Children took part in a study where they helped out an adult who responded…
a) giving them a reward
b) praising them
c) neutrally
In the 2nd phase, children were again given the opportunity to help but were given no reward
Children in material reward condition less likely to help in the 2nd phase
Suggests that early helping behaviours are intrinsically motivated
Prosocial behaviour in school
Preschoolers exposed to prosocial peers at the start of the school year found to be more prosocial themselves by the end of the year (Fabes et al, 2002)
Some evidence that children choose to play with children that are about as prosocial as they are, resulting in reinforcement
Peer support systems have been shown to be successful in the UK
Cultural influences (Whiting & Whiting, 1975)

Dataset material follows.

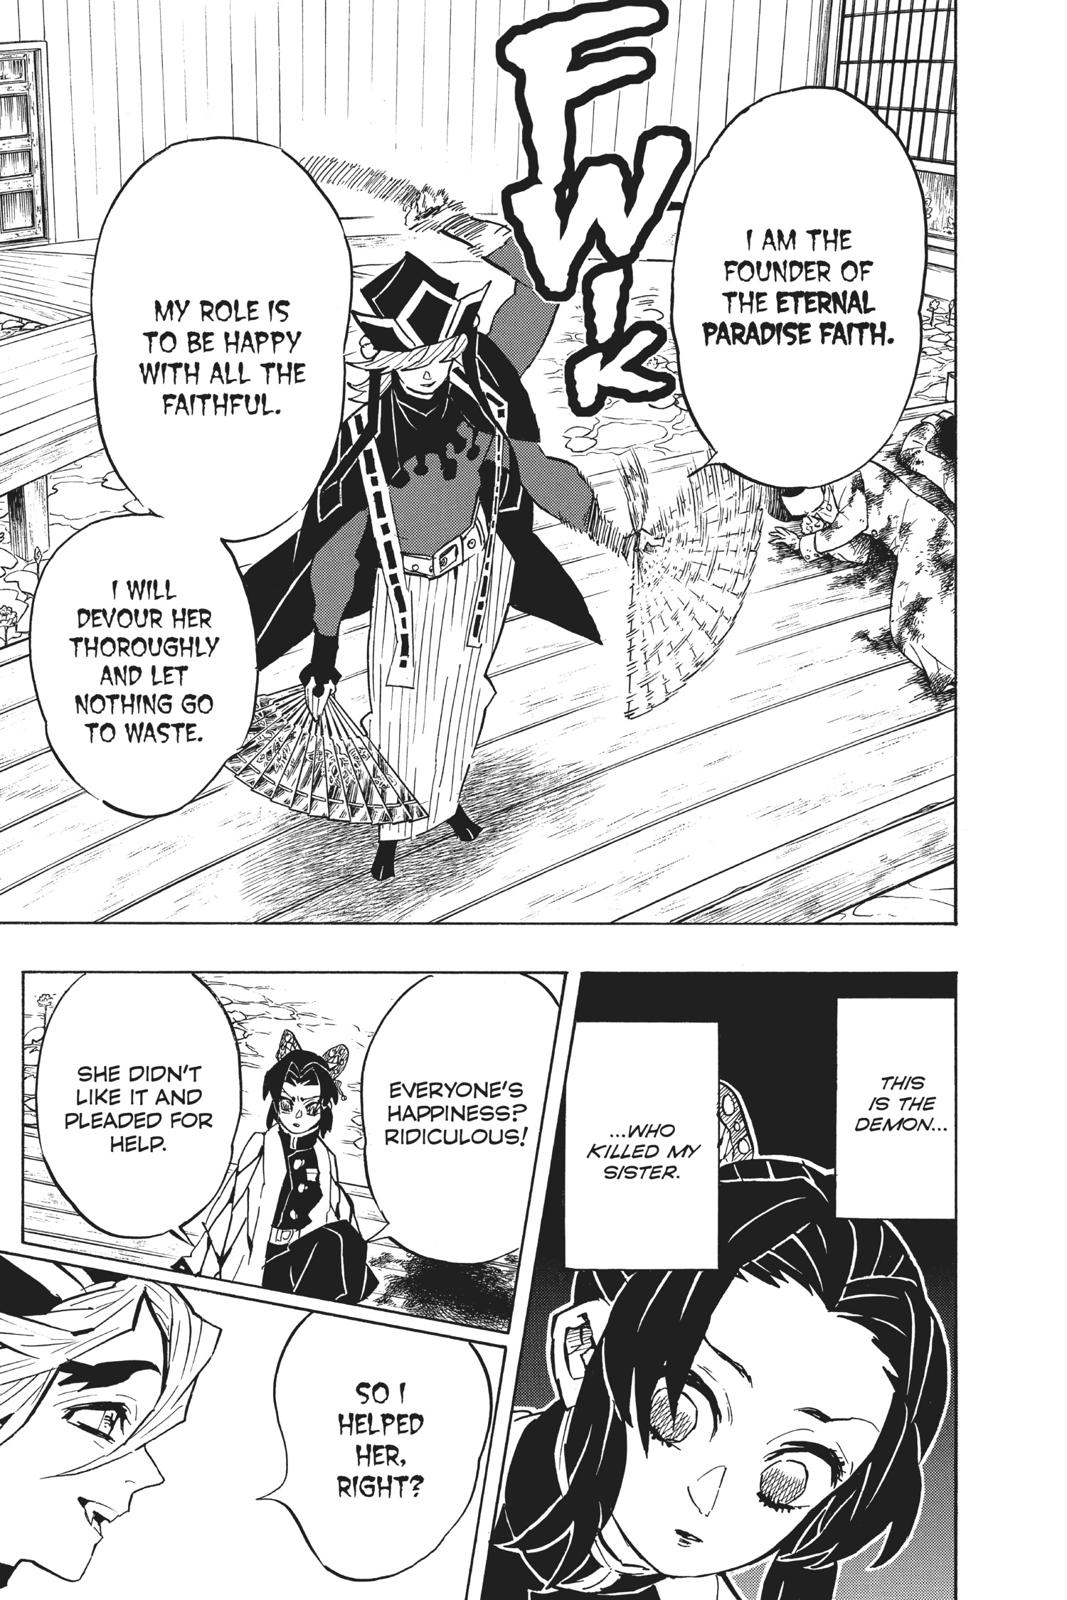 Demon Slayer Manga Manga Chapter - 141 - image 7

Observed children 3 - 11 in 6 countries
Found children from Kenya, Mexico and the Philippines acted more prosocially than those from Japan, India and USA
Cultures where mothers delegated household chores to younger children encouraged more prosocial development whereas those that valued individual success fostered competitiveness
The challenge of altruism
Natural selection tells us that species evolve because genetic mutations give rise to different traits, and traits that benefit survival will spread
If only mutations that aid survival of the phenotype will spread, how could a mutation resulting in behaviours that benefit others at a cost to oneself propagate?
Kin selection
We help others who share genetic material with
Predicts that we should be more likely to aid close relatives
Doesn’t explain why we help unrelated friends and strangers
Reciprocity
Around 3 years, children start to become more discerning about who should benefit from their acts of kindness
Children think people should prefer to share resources with…
- Family and friends
- People who have shared with them (reciprocity)

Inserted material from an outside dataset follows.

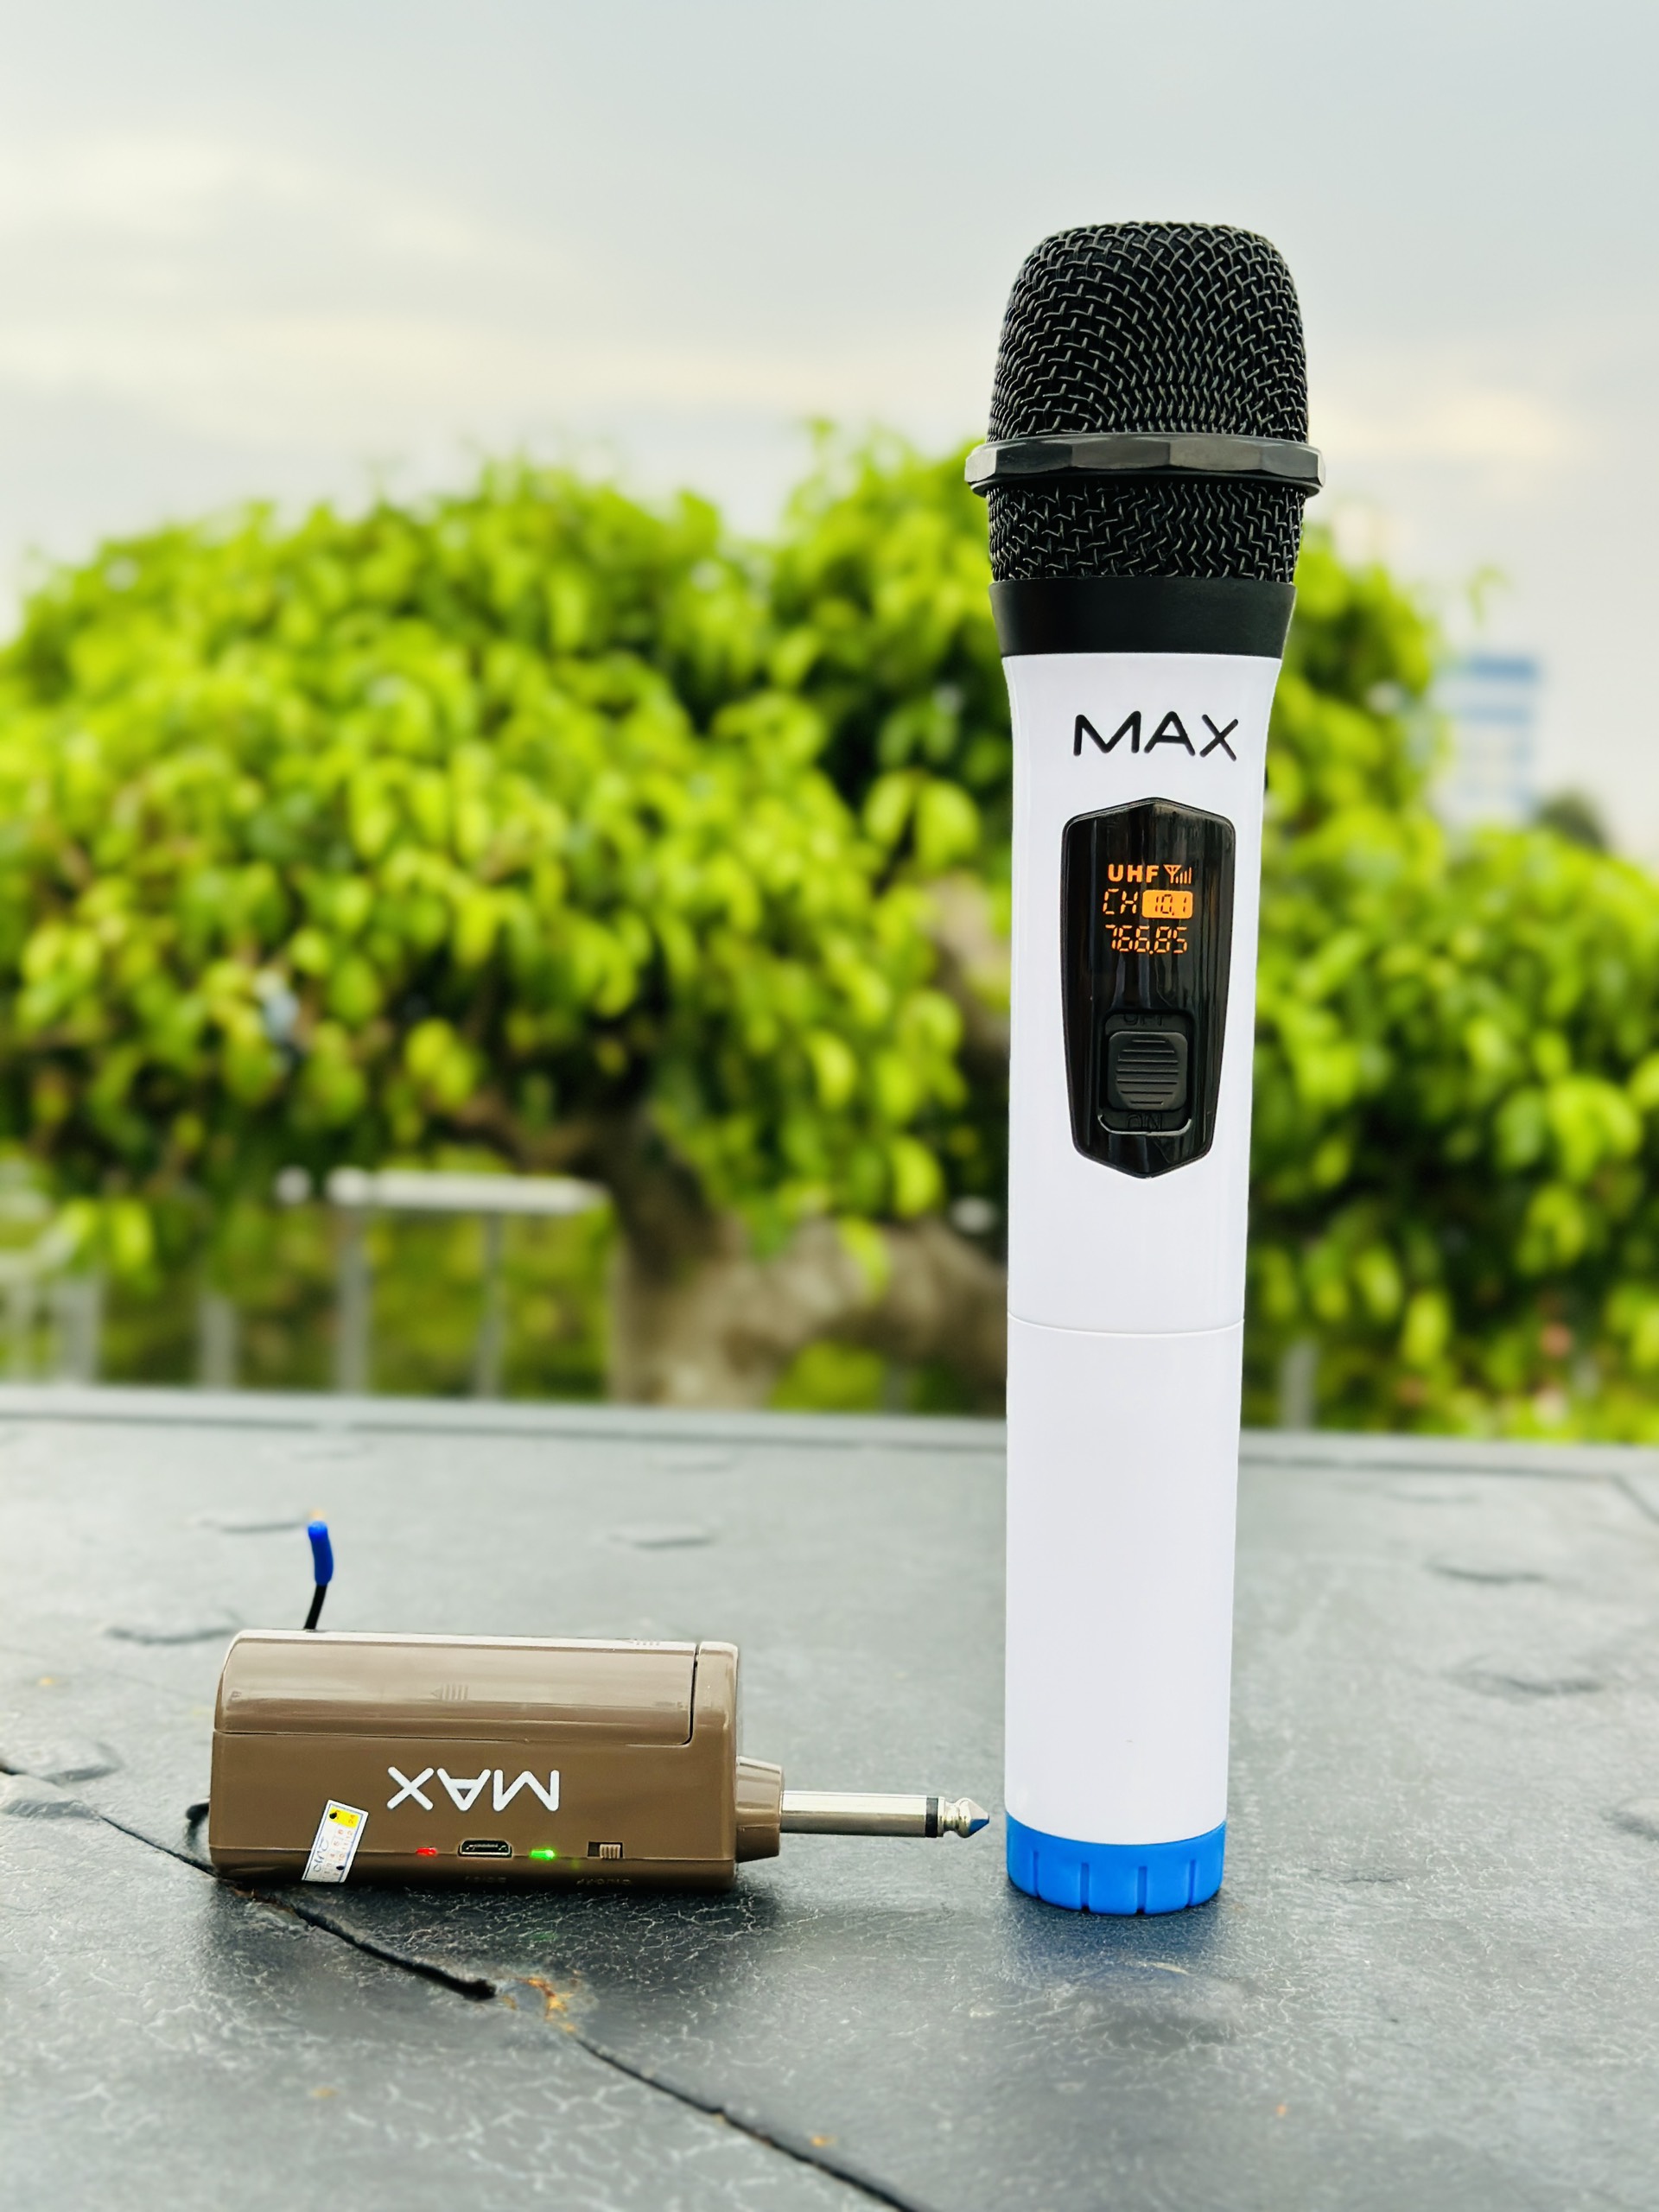 Micro không dây đa năng Max 21 - Micro không dây giá tốt, sử dụng cho mọi loại thiết bị âm thanh - Micro dành cho loa kéo, loa bluetooth, amply - Màn hình Led hiển thị thông số - Âm thanh cực hay, giá cực rẻ - Hàng nhập khẩu

- People who have shared with others (indirect reciprocity)
Sensitivity to reciprocity is one way to explain the evolutionary origins of co-operation
(Olson & Spelke, 2008)
Group selection
Altruistic behaviours spread because they benefit the group as a whole
Most biologists have railed against group selection arguments since the 1960s
Difficult to explain exactly how it works
The selfish gene
The fundamental unit of selection, and therefore of self interest, is not species, or the group, or even strictly the individual. It is the gene, the unit of heredity.